--- Records provided ---
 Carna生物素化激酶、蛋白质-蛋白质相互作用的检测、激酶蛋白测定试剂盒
* * *
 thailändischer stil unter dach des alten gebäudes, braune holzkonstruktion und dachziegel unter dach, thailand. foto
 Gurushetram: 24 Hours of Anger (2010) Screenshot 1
...
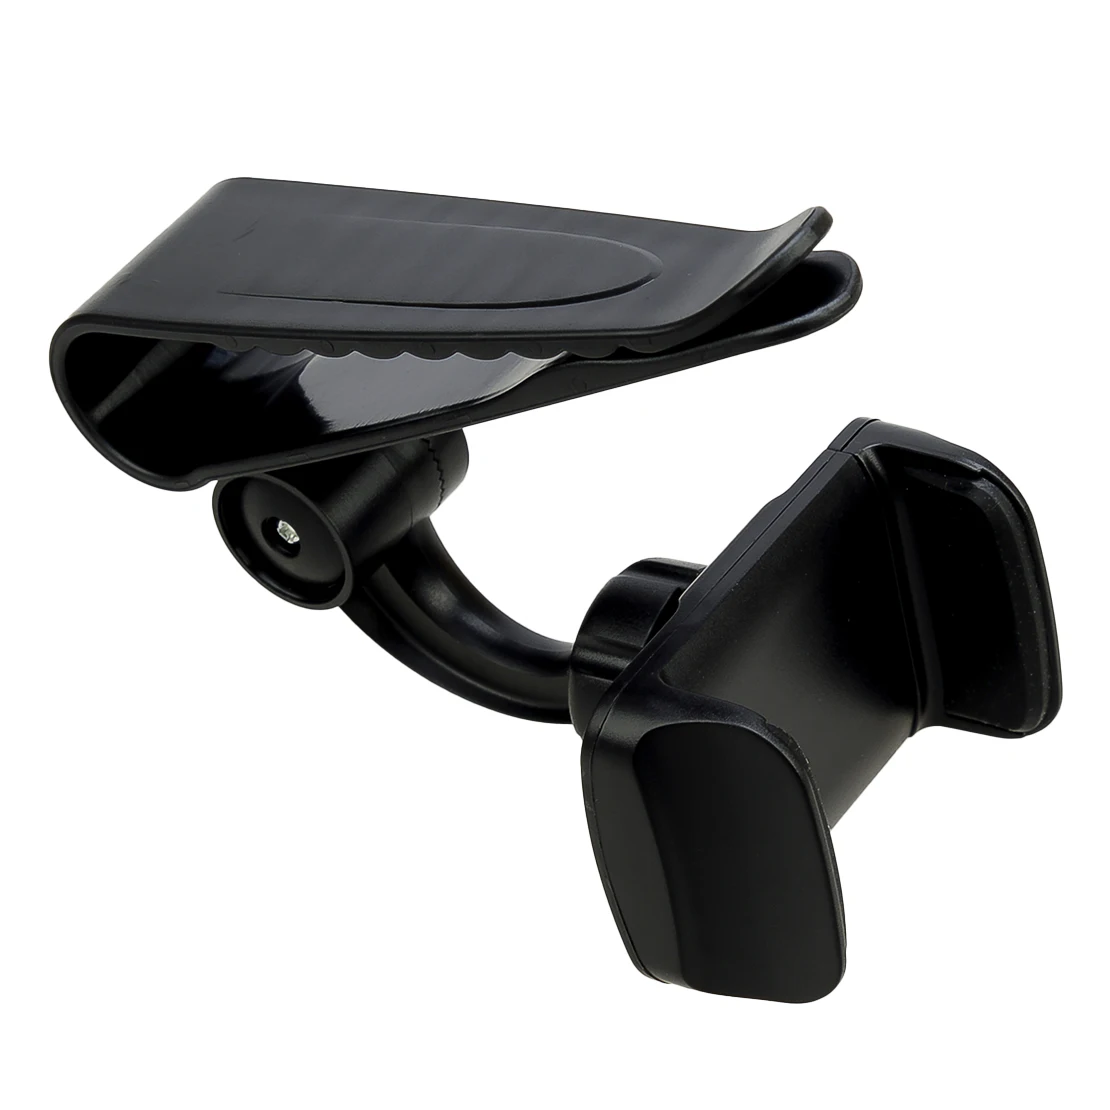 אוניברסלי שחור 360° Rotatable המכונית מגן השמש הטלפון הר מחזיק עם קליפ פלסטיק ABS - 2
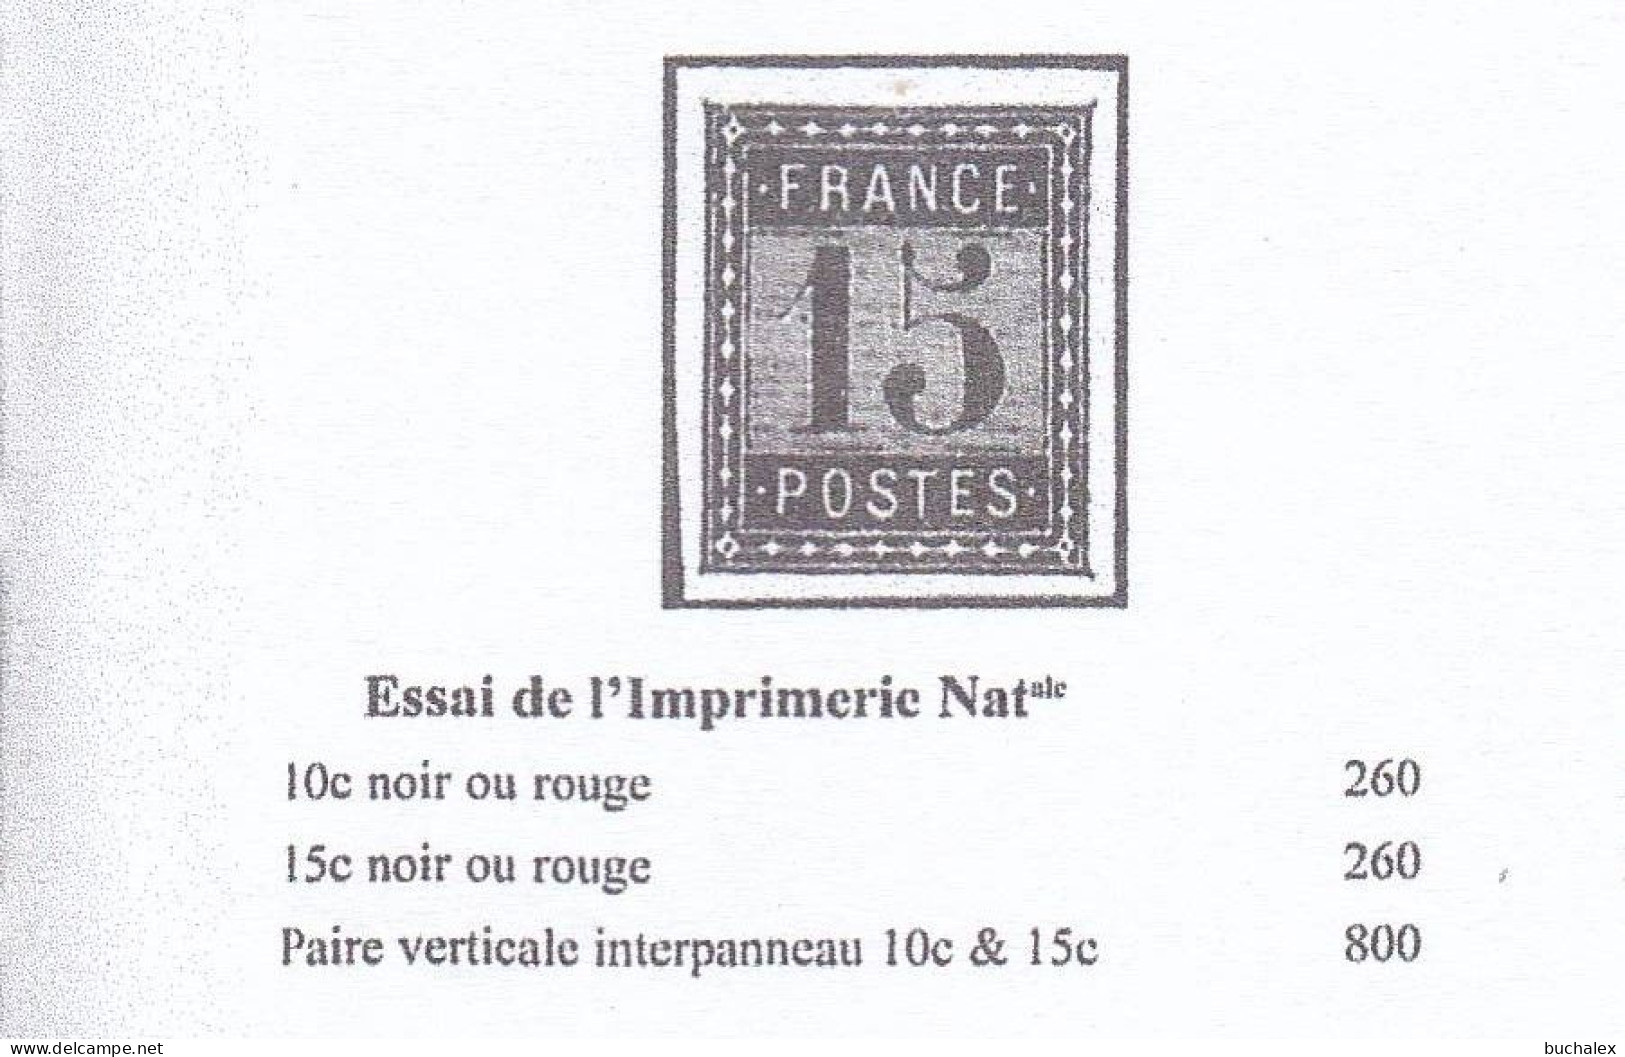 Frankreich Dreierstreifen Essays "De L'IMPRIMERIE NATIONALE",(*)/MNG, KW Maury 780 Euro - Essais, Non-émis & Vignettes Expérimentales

--- What you need to do ---
Among the entries above, locate the line with "אוניברסלי שחור 360°" and the line with "Frankreich Dreierstreifen Essays". Give those two lines and all lines between them again, exactly, leaving out the pictures.

--- Solved problem ---
 אוניברסלי שחור 360° Rotatable המכונית מגן השמש הטלפון הר מחזיק עם קליפ פלסטיק ABS - 2
 Frankreich Dreierstreifen Essays "De L'IMPRIMERIE NATIONALE",(*)/MNG, KW Maury 780 Euro - Essais, Non-émis & Vignettes Expérimentales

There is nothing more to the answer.